| TASK BRIEF |
Please reproduce the listing below exactly, leaving out every picture.

INFORMATION PROVIDED section start

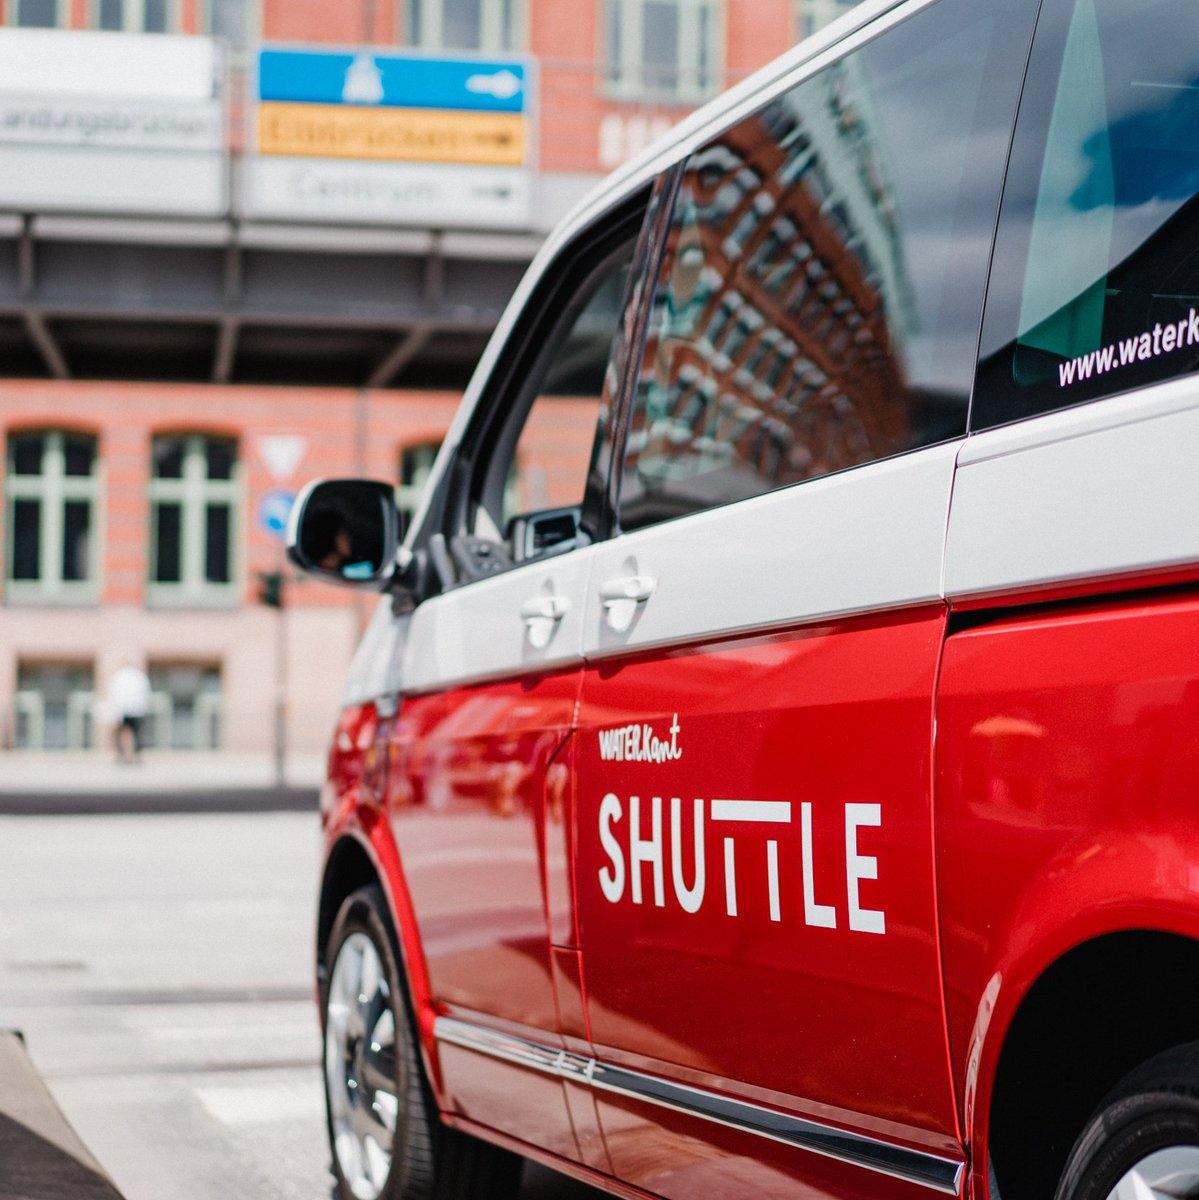 Flexibler Transport zum nächsten Event - Lasst uns wissen, wohin es geht: https://waterkant-shuttle.com _____________ #waterkantshuttle #hamburgechtbewegen #shuttle #waterkant #newworkspace #mobilität #hamburg #hh #volkswagen #vwt6 #caravelle
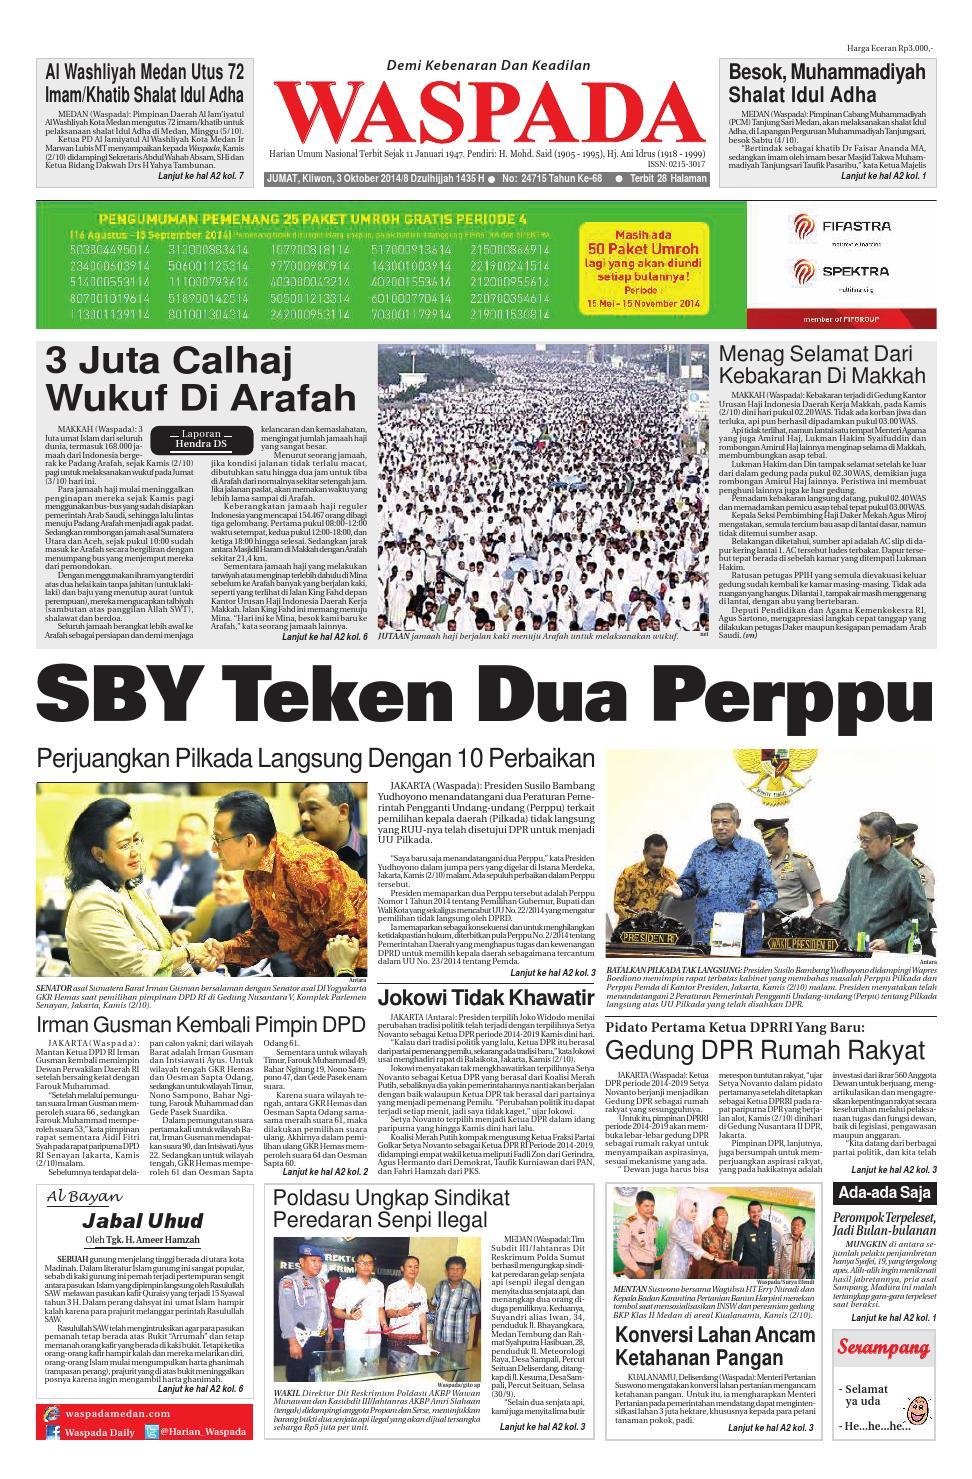 Waspada Jumat 3 Oktober 2014 By Harian Issuu Rkb Bni Tegal Kranjang Buah Nur Fashion And Art
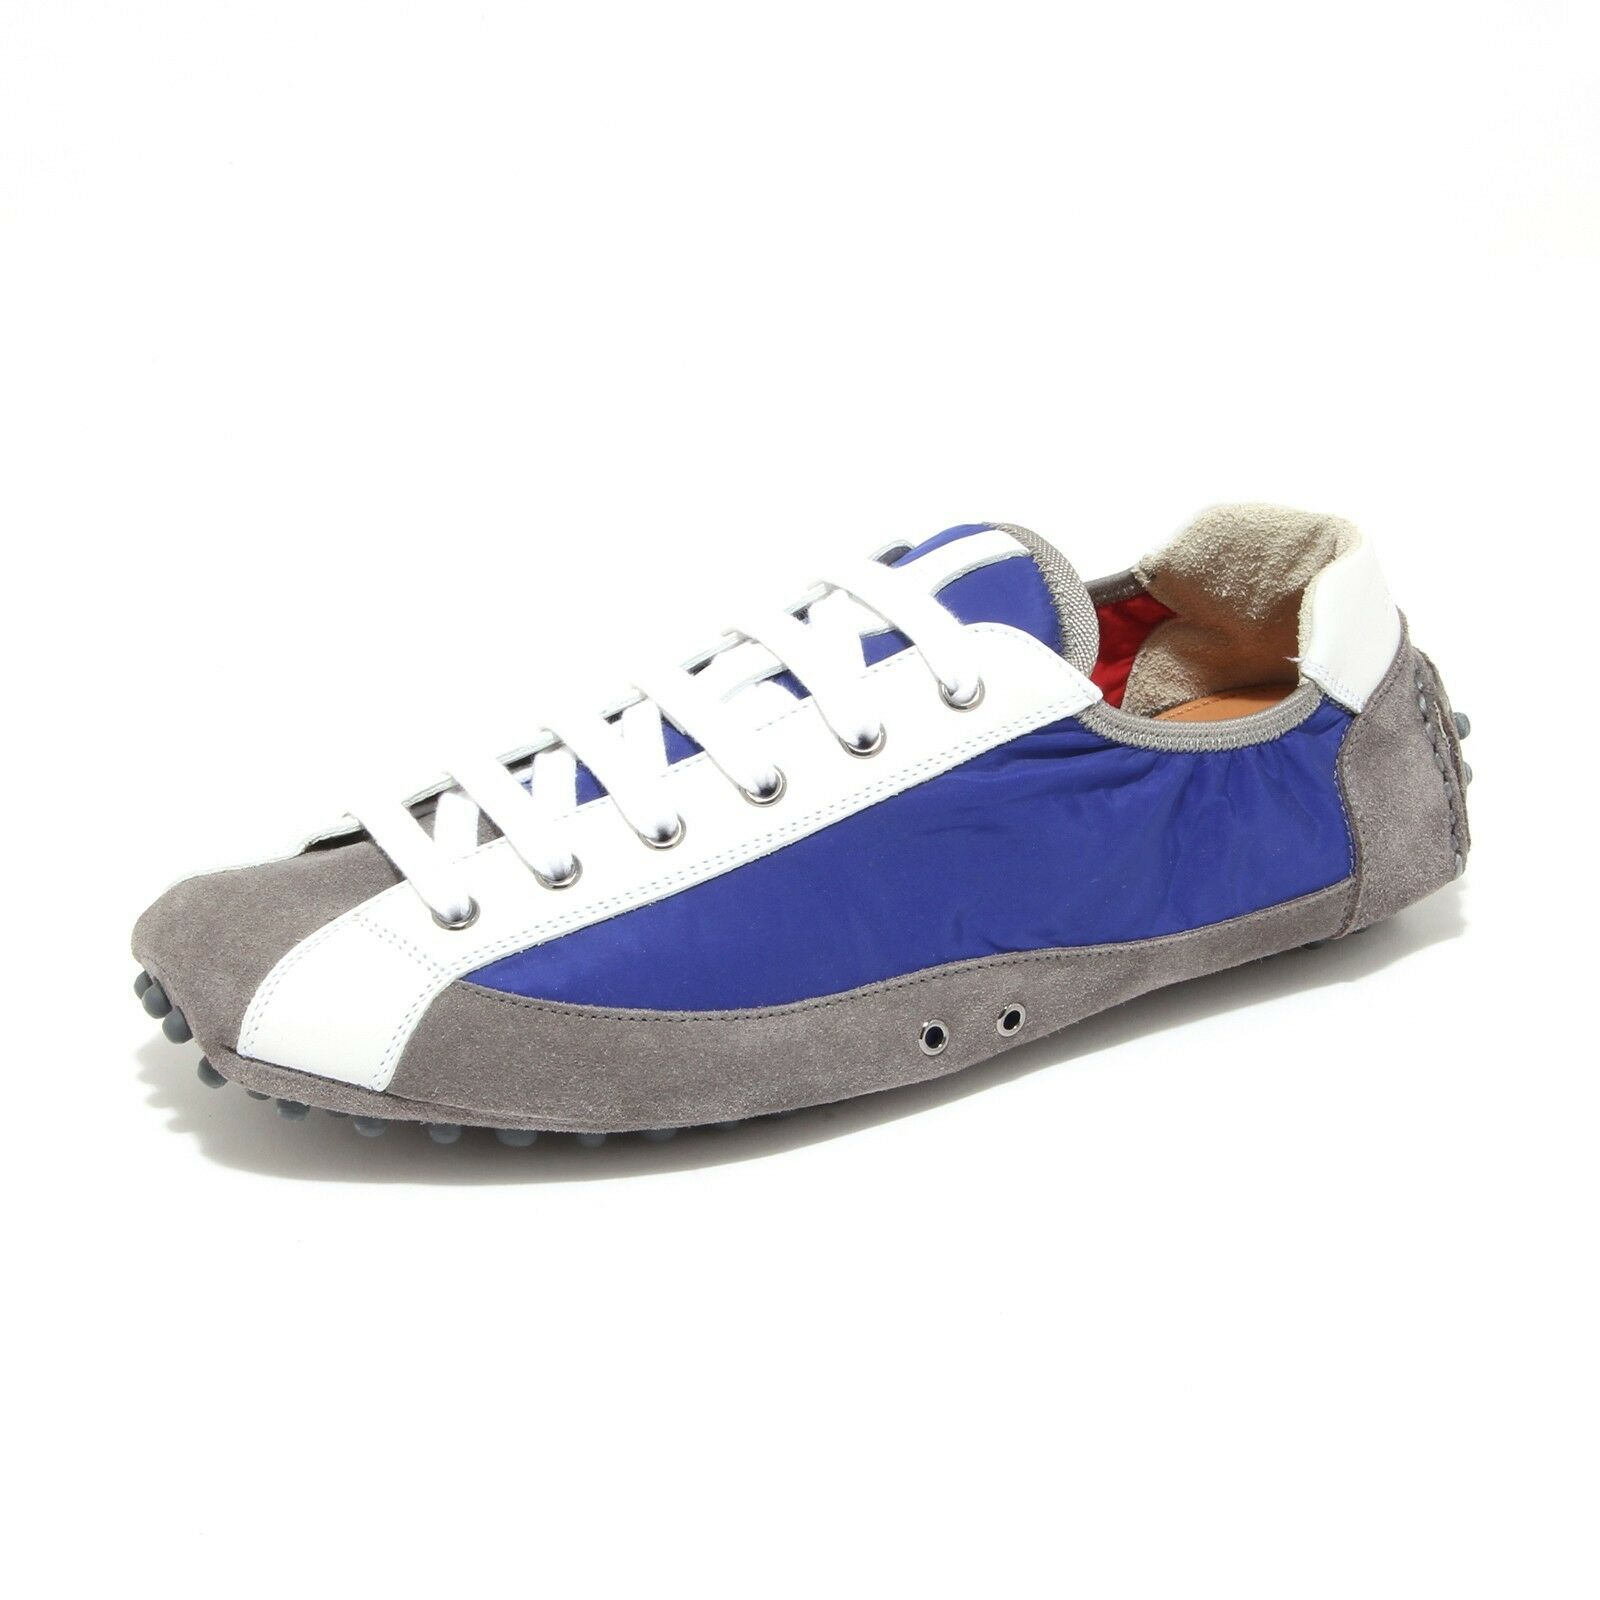 6385L sneakers uomo CAR SHOE men nylon scamosciato scarpe schuhe men SHOE 1021b2

INFORMATION PROVIDED section end

| SOLUTION |
 Flexibler Transport zum nächsten Event - Lasst uns wissen, wohin es geht: https://waterkant-shuttle.com _____________ #waterkantshuttle #hamburgechtbewegen #shuttle #waterkant #newworkspace #mobilität #hamburg #hh #volkswagen #vwt6 #caravelle
 Waspada Jumat 3 Oktober 2014 By Harian Issuu Rkb Bni Tegal Kranjang Buah Nur Fashion And Art
 6385L sneakers uomo CAR SHOE men nylon scamosciato scarpe schuhe men SHOE 1021b2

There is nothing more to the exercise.